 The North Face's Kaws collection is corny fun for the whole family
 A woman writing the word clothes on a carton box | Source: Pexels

==

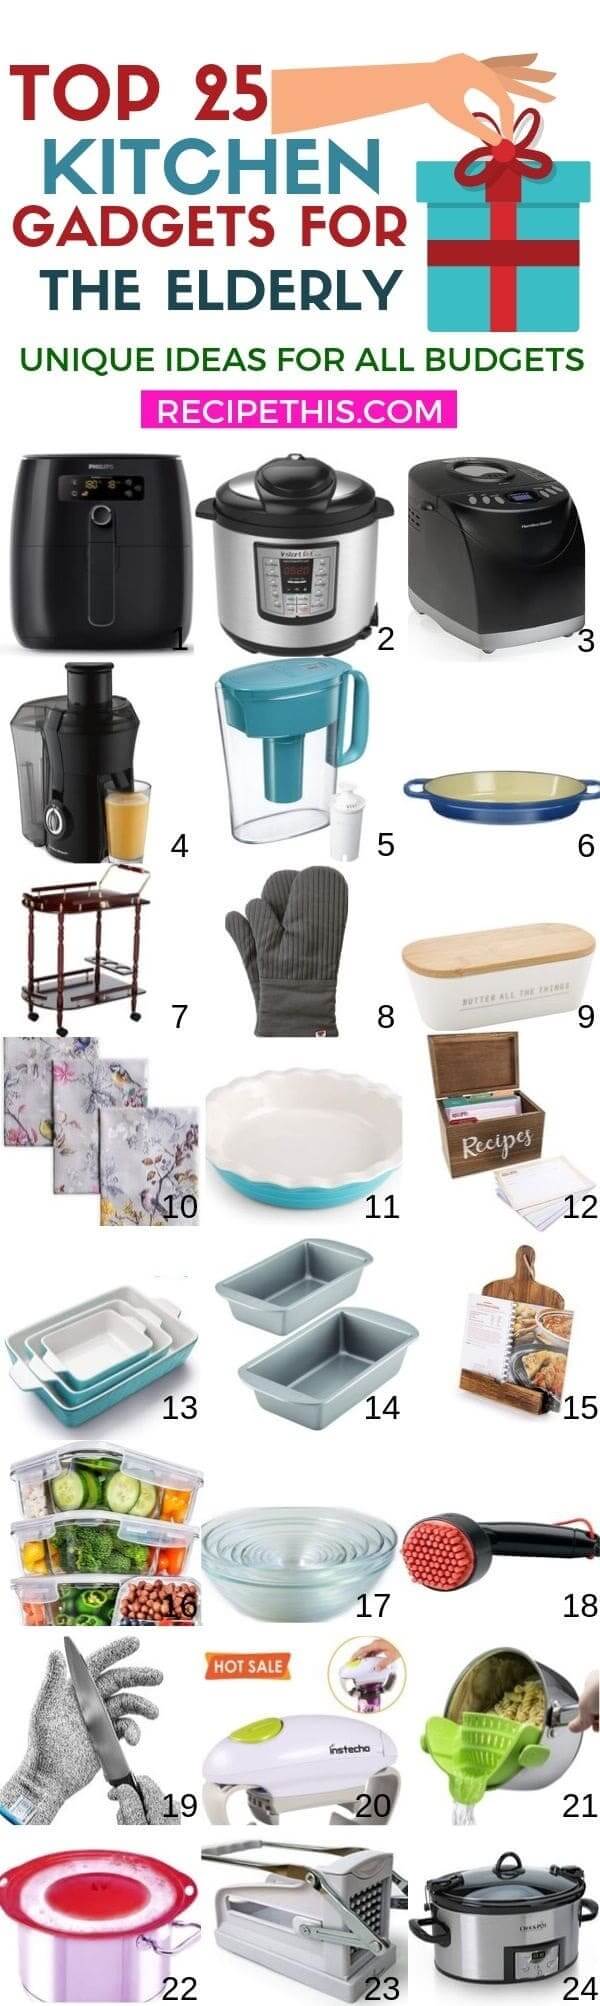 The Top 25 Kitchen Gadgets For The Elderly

WHAT YOU NEED TO DO: Using the data above, reproduce exactly the lines from the line that contains "The North Face's" through the line that contains "A woman writing", including both.

OUTPUT OF THE EXERCISE:
 The North Face's Kaws collection is corny fun for the whole family
 A woman writing the word clothes on a carton box | Source: Pexels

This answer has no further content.